When Beck won the Grammy Award for Best Album in 2015 for Morning Phase, which Kanye thought should have gone to Beyoncé, he had yet again become creator of serene music for introverts a la Sea Change, of acoustic guitar soul-soothers for shrinking violets and wallflowers. Having once had my Latin teacher youtube ‘The Golden Age’ to the class in year 11 while we were grinding through the Cambridge Latin Course – my first Beck experience – my hormonal, antagonising sixteen year old self ignorantly dismissed Beck as a moping, whingeing, whining waif who was not cool like David Bowie and not worthy of my honourable attention.

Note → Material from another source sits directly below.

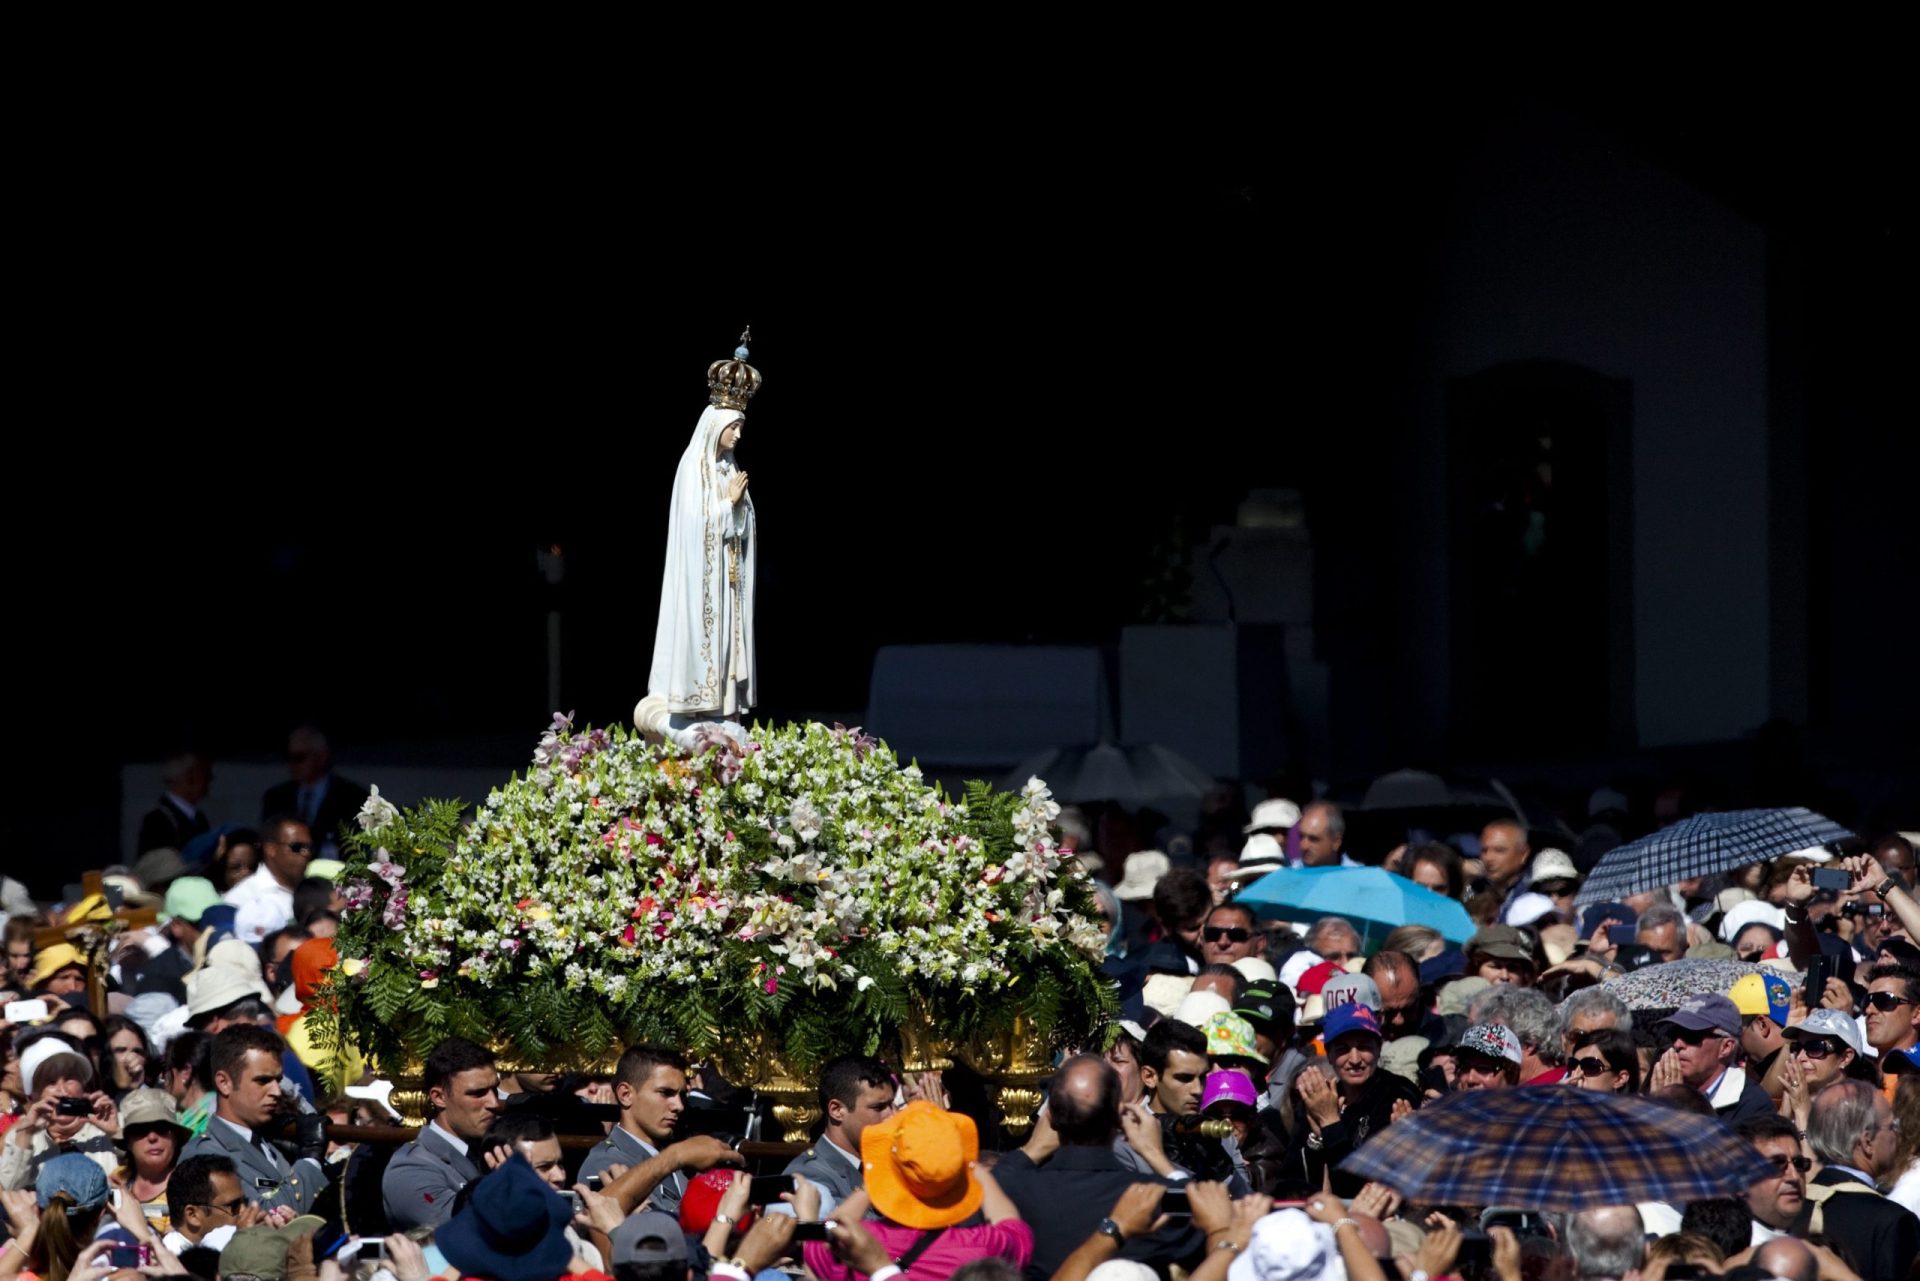 Milhares de peregrinos esperados hoje no santuário de Fátima
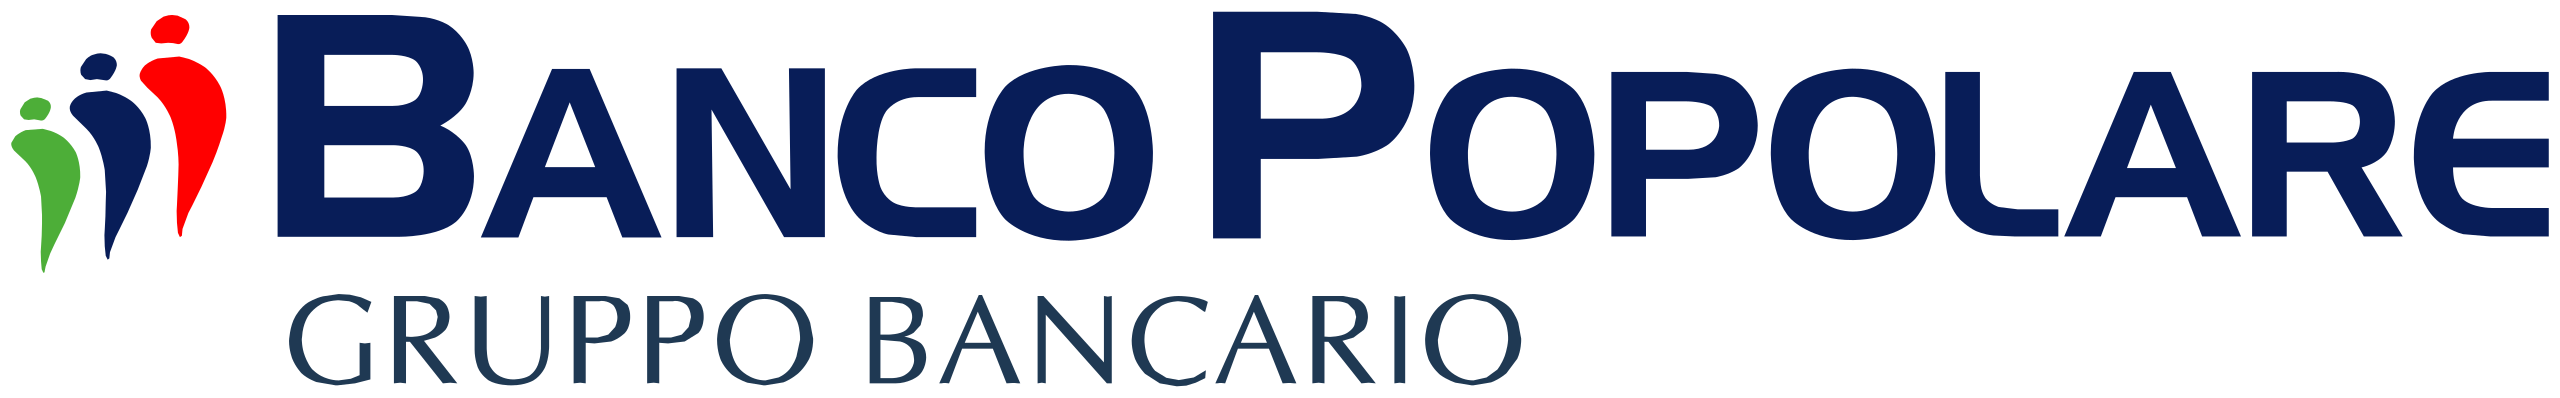 2560px-Logo_banco_popolare_gruppo_bancario.svg

This is a man old enough to be my dad getting back to being young and hip and wearing jeans that are street-wise skinny.
Then I heard ‘Up all Night’ and thought, what the hell happened? Listening to ‘Dreams’, the stomping lead single from Colors, was, for me, like watching a teenager undergoing his induction into the loosening power of alcohol: for the first time he senses the very stuff of life coursing within him. He feels like he can run for miles. He is no longer satisfied with lurking in the shadows. He has his heart unrestrainedly set on getting up onto the dancefloor and getting down.
The Sexy Beck of ‘E-Pro’ and The Information is back. This is Fifa ‘17 Soundtrack Beck. This is a man old enough to be my dad getting back to being young and hip and wearing jeans that are street-wise skinny. Right from the get-go in the eponymous opening track, the drums and guitars are rainbow-bright, the keyboards are wound in the window-glint of an early evening autumn sunshine; the slick, shimmering, highly stylised vocals fire it all as if calling from heaven. The whole album basks in this rich, saturated primary-colour production. Here we have something big, ambitious, eyeing the prizes of money and glory. Slower Beck Ballads – ‘Fix Me’, ‘Dear Life’ – are still present, but firmly belonging to the new, reverb-heavy, uplifting guard.
That ballad, ‘Dear Life’, opens with a Beatle-esque honky-tonk piano that echoes McCartney’s ‘Lady Madonna’. In fact, this record is infused with the Paul McCartney, “I have to admit this is getting better” view of life rather than John Lennon’s “It can’t get no worse” cynicism. If all pop music is to be summarised as a battle between these two emotional forces, of optimism and deflation, love and war, light and dark, life and death, then Beck has determinedly shifted his allegiance once again from the side looking down to the side looking up.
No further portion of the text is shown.